The necessary number of observations in relation to the number of input variables to ensure accurate results in cluster analysis has previously been reported to be 70 observations per input variable [29]. This value is higher than that required for supervised machine learning [30, 31], suggesting more challenging requirements for unsupervised vs supervised approaches. As the number of participants per input variable was much higher in our study (230 participants per variable in the training set), and we observed consistent results in training and test datasets (both of which respected the necessary observation/input ratio), we believe that our sample size was certainly adequate. One limitation may be that, among all investigated outcomes, only some showed differences among clusters. On the other hand, we considered only five variables for cluster definition: given that such limited data were exploited for GDM cluster definition, it is plausible that the identified clusters may not yield all the clinical information of possible interest. In fact, the extent of the clinical information provided by our cluster definition aligns reasonably with the limited data required.

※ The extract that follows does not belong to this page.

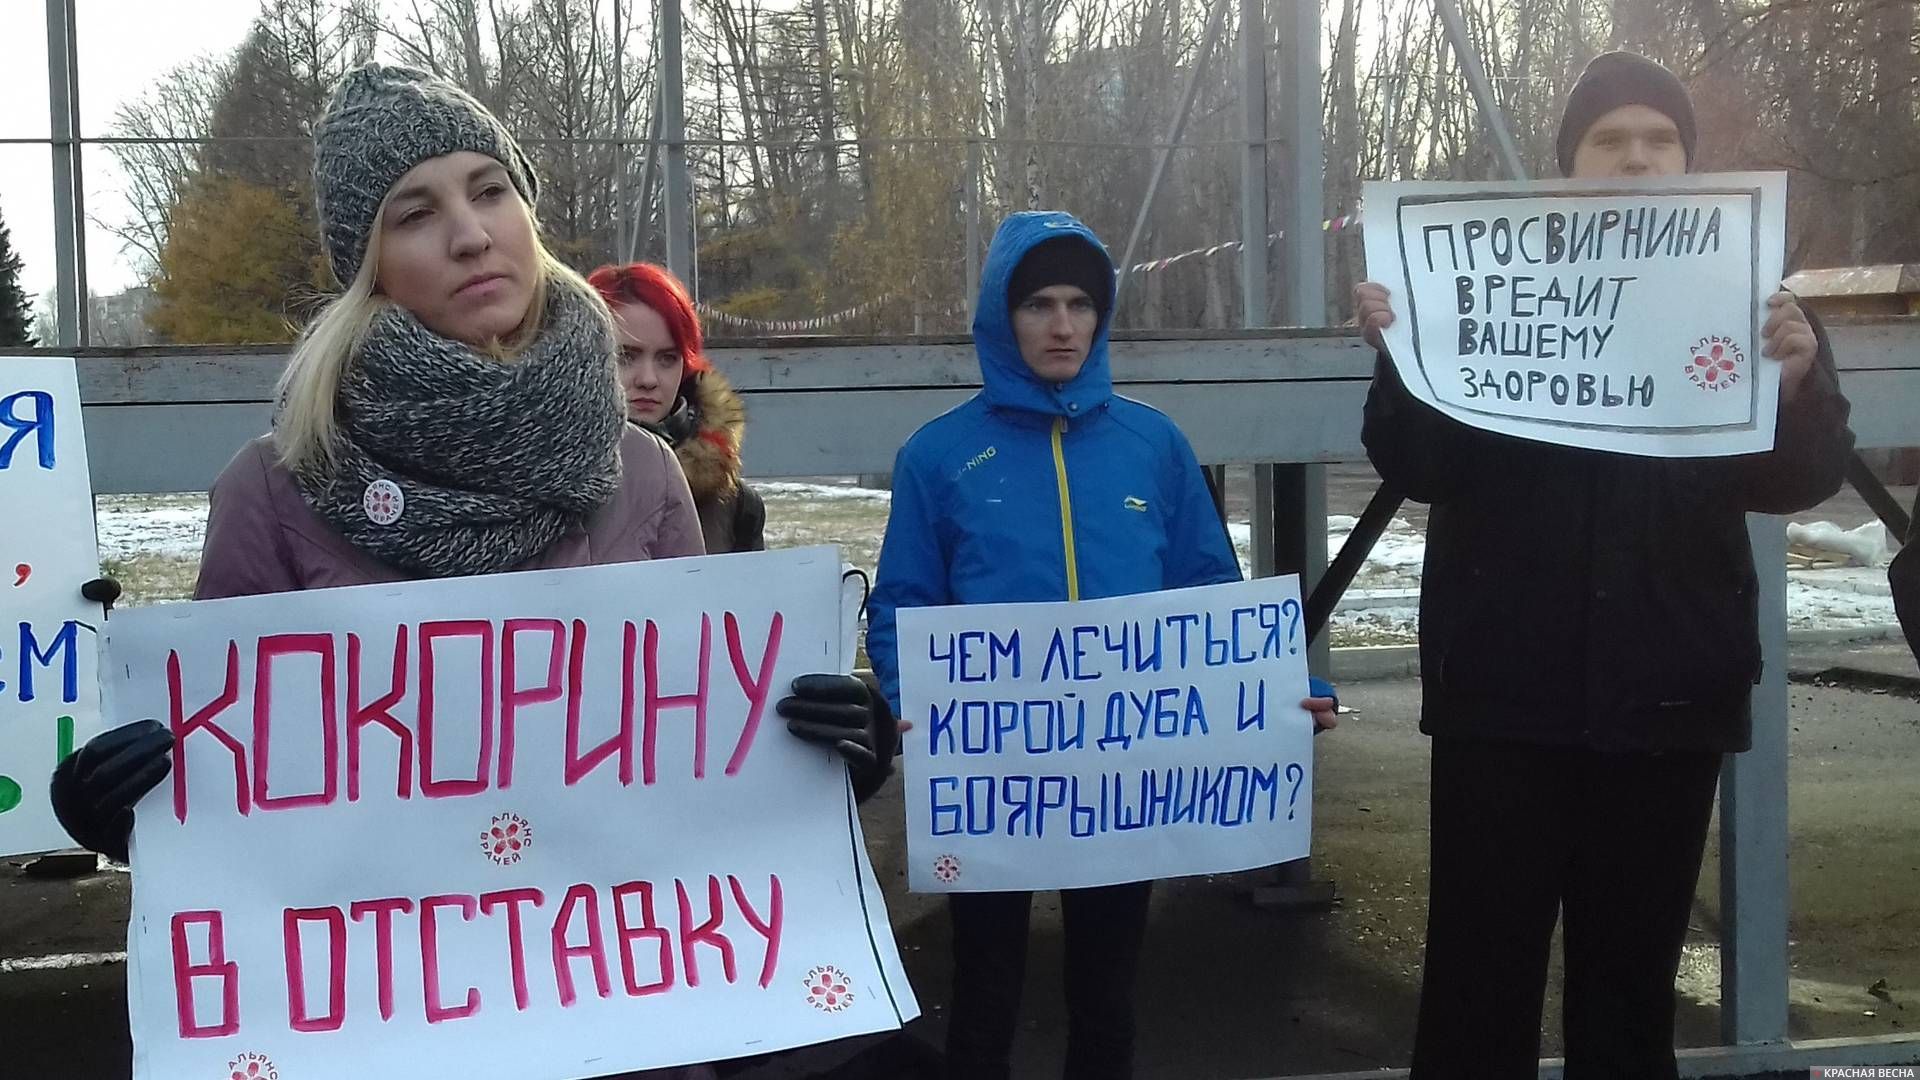 Слева — Анастасия Тарабрина (Альянс врачей). На плакате — требование об отставке Ларисы Кокориной — главы областного департамента здравоохранения

In summary, our study identifies novel GDM subgroups through unsupervised machine learning using routine clinical variables. The subgroups derived by cluster analysis showed remarkable differences in terms of glucose-lowering medication needs and treatment modalities (e.g. rapid-acting vs intermediate- or long-acting insulin), which is of major clinical relevance. In general, therefore, our methodology holds promises for guiding personalised treatment strategies and enhancing our understanding of GDM heterogeneity.